ITP is dikwijls een diagnose per exclusionem. Voor het uitsluiten van andere oorzaken is het nodig om de relevante voorgeschiedenis van zowel de patiënt als van familieleden goed in kaart te brengen, een lichamelijk onderzoek te verrichten en laboratorium onderzoek te doen. Het laboratoriumonderzoek bestaat uit een telling van de bloedplaatjes, een differentiatie van de witte bloedcellen en de bepaling van een mean platelet volume (MPV of gemiddeld plaatjes volume). Een verhoogd MPV (>8.8 fL) is geassocieerd met ITP. Men kan onderzoek verrichten naar mogelijks oorzakelijke virale infecties zoals influenza, varicella, HCV of HIV of naar de aanwezigheid van Helicobacter pylori. Ook kan de aanwezigheid van antifosfolipide antistoffen worden uitgesloten. Het opsporen van de auto-antistoffen behoort vooralsnog niet tot de routine diagnostiek.

Kliniek

Bij patiënten met een geïsoleerde ITP worden ernstige bloedingen over het algemeen slechts gezien als het aantal bloedplaatjes minder is dan 10.000/µL bloed. Lichtere vormen kunnen zich presenteren door kleine blauwe plekken of sporadische petechiën.

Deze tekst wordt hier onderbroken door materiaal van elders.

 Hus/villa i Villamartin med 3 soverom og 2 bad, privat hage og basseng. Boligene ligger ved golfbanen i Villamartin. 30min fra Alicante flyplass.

Eventueel door bloedneuzen of hevige menstruaties. Bij ernstige (levensbedreigende) vormen zien we bloedingen in de nieren of urinewegen, het maagdarmstelsel of in de hersenen. De ernstige vormen zien we vrijwel uitsluitend bij een oudere populatie. Bij baby’s jonger dan een half jaar moet ook gedacht worden aan een overdracht van antistoffen van de moeder naar het kind.

Behandeling

Dikwijls is ITP transiënt en gaat het vanzelf over. Zeker bij kinderen wordt frequent voor een wait-and-see geopteerd. Bij een secundaire ITP met aanwijsbare oorzaak is het logisch om die vooreerst aan te pakken.

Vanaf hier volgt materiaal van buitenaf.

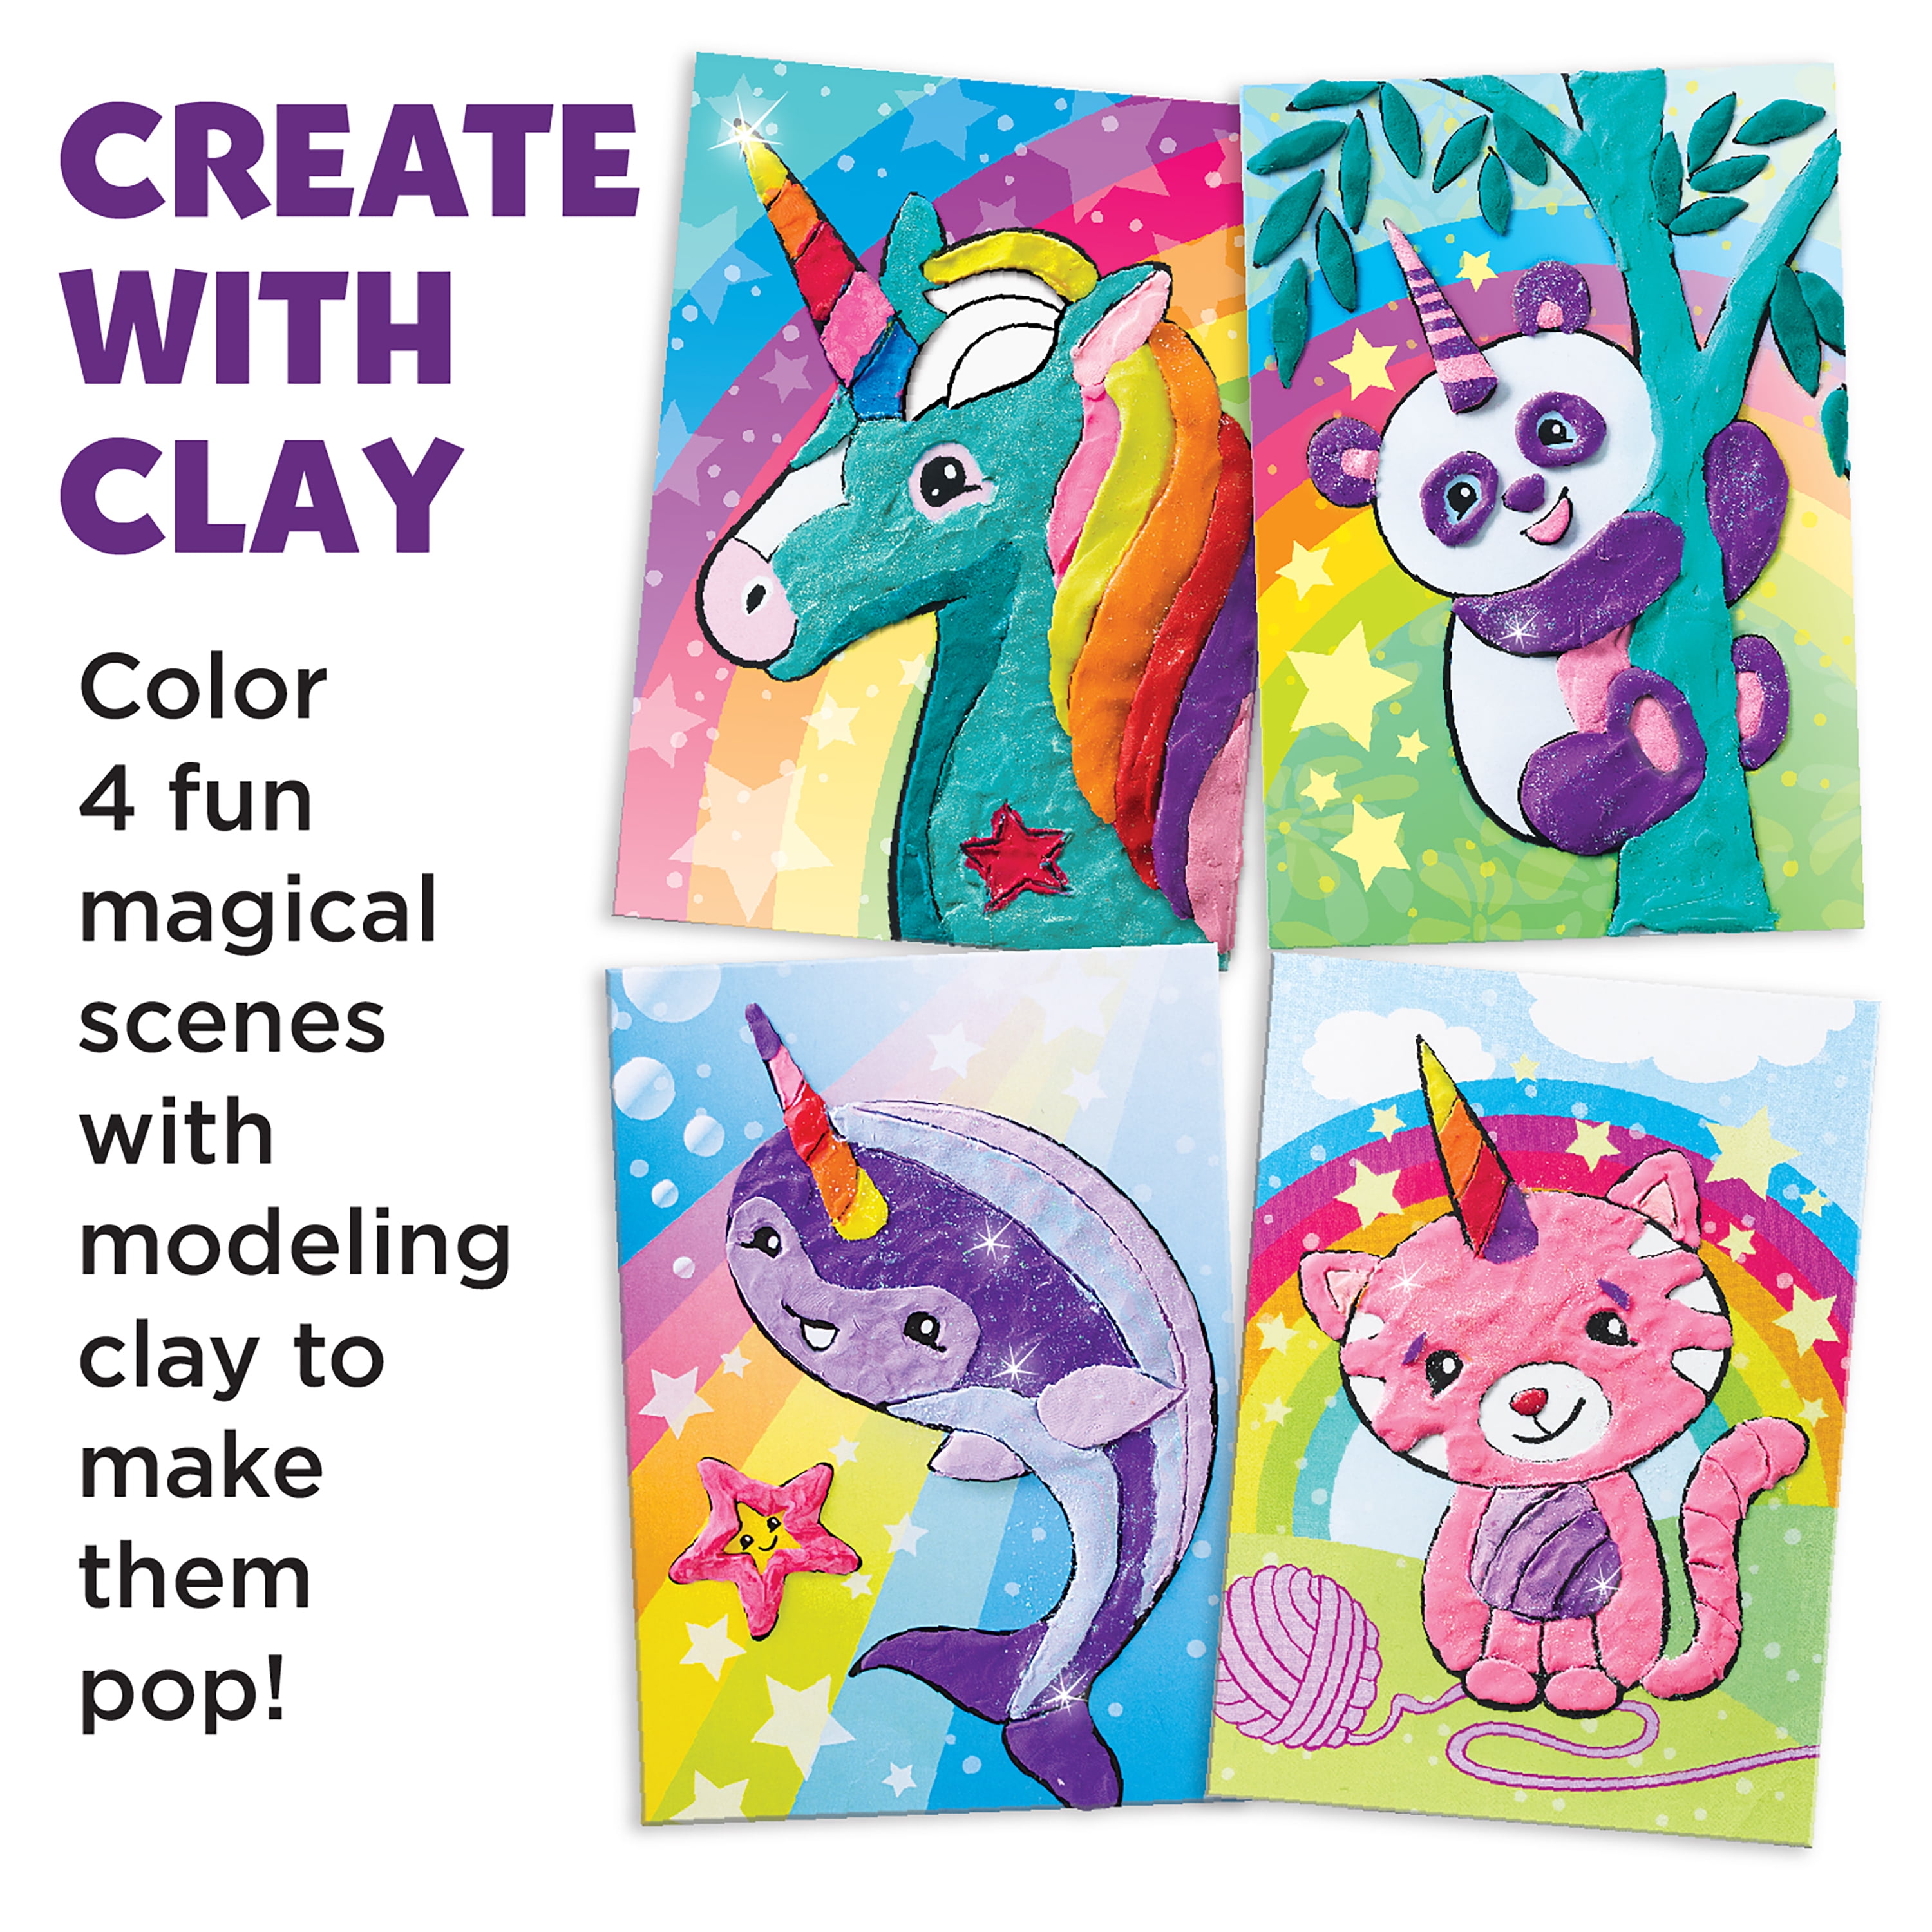 RAZY Unicorn Art Set Drawing Painting Sketching Colouring -  ART SET FOR KIDS

Indien een behandeling toch nodig lijkt, is specialistisch advies aanbevolen. Er wordt meestal als eerste keus geopteerd voor prednison of dexamethason waarbij pas effect na een week mag verwacht worden. IVIg (intraveneus immuunglobuline) wordt vooral in spoedsituaties gegeven (werkt snel maar kort).

Indien met hogergenoemde keuzes geen goed effect wordt bekomen kunnen behandelingen met Ciclosporine, Rituximab of TPO-RA (trombopoietine-receptor-agonisten) geprobeerd worden of een splenectomie overwogen worden.